I dont think you have an agenda, I was just honestly wondering why you are here in Japan. I got a bitter feeling from alot of your posts rather than a "critique" or someone who thinks these problems can be solved. (as you said) It seemed as though you had to stay here for work, or family but didnt want to be here.

Its interesting how we all percieve cultures differently. Its subjective, I know... I wonder how much our reasons for living here (what kind of work, family, hobbies etc..) directly influence our views on the society here?

I do enjoy your posts... keep them up.

Posted by: Rrose Selavy at March 15, 2005 1:40 AM

i'm simply asking for you to grace a few down-and-out groups over here (as you can see from my arguments, my beefs are mostly social, NOT superstructural ECONOMIC) that probably COULD actually use the power and voice of your "Japan-boosting" pen.

http://www.viceland.com/issues/v10n8/htdocs/moo.php

Posted by: Momus at March 15, 2005 3:23 AM

hip, slick, and...about time! but you are kind of missing the point. it isn't just what you write, but WERE you write it. now that i think about it, perhaps i wasn't clear enough. let me see, where was that line i typed? oh, here it is...

i said: this new tenor would, in any event, probably motivate new people to join in the ongoing "japan as aesthetic pep-rally" that is Click Opera.

well, it looks like i was pretty clear. posting on VICE, where the Nerf-like version of the usually hard-hitting penmeister known as momus (that we know and love) writes to pay the rent, is no DICE.

but this is a very, very positive prelude. bochi-bochi denna...

Posted by: r. at March 15, 2005 3:38 AM

whoops, that should have been "WHERE you write it"
my pen slippeth over...
hi-five to nick,
r.

Posted by: r. at March 15, 2005 3:40 AM

Holy Crap!
So I didnt really follow the logical 'flow' of the comment threads well, but I thought I would put my "stank on it" nonetheless. So we all know that Japan == "hallmark of American indy culture". which is unfortunate cuz it leaves all those genuinely interested stigmatized as "sub-pop indy freaks". smeh. I did get the impression that the comment posters here, agree that we are observing the final days of traditional japanese culture. I think anyone that has watched or studied the Japanese metamorphosis would've extrapolated this long ago. All we have to do is read Allen Kerr's "Dogs and Demons", and observe the new trends of japanese corperate culture (which IMHO, was the last safe haven for the japanese culture.). Anyway thats all I gotta say. I am drunk, oh and:
P.S. Momus, your handle reminds me of of Momo-chan from "Long Vacation"...there's your dorama synchronicity.

Posted by: stephen at March 15, 2005 9:08 AM

OMFH sooo drunk...soooo lame:
s/Allen Kerr/Alex Kerr
/me bows his head in shame.
12 steps I SWEAR!

Posted by: stephen at March 15, 2005 9:23 AM

I wouldn't mention Alex Kerr around Momus. It's not just the conclusions that bother him, it's the facts.

Posted by: marxy at March 15, 2005 11:23 AM

stephen,
be careful sir, a few more typos like that, and mothers against drunk blogging are going to knock on your door...

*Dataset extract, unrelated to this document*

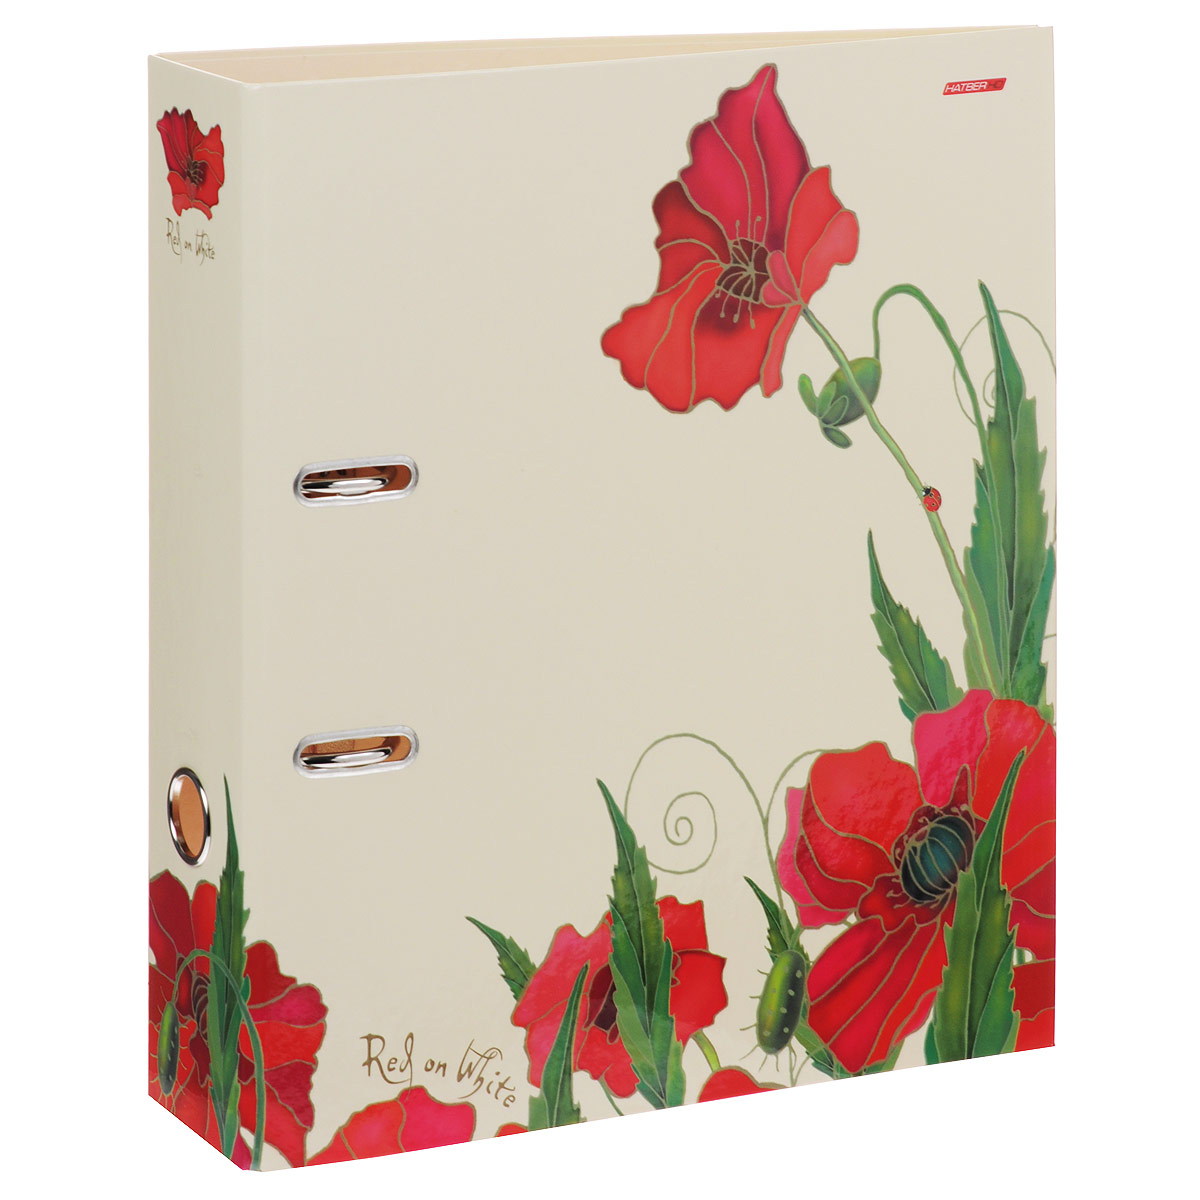 Папка-регистратор Hatber Red on White, цвет: бежевый, красный, ширина корешка 70 мм папка регистратор hatber red on black ширина корешка 70 мм цвет черный красный

Posted by: r. at March 15, 2005 12:27 PM

I did get the impression that the comment posters here, agree that we are observing the final days of traditional japanese culture. I think anyone that has watched or studied the Japanese metamorphosis would've extrapolated this long ago.

You define "traditional Japanese culture" as extending from the goddess Amaretsu to the salaryman, and tell us that it's ending. So tomorrow is the first day of the rest of Japan's life, eh? These definitions and divisions are arbitrary. The present always looks more blurry than the past, but that doesn't mean that it won't one day look just as defined, and just as Japanese. Perhaps you'll be around in 2050 to tell us that "self-replicating softbots are the last gasp of traditional Japanese culture".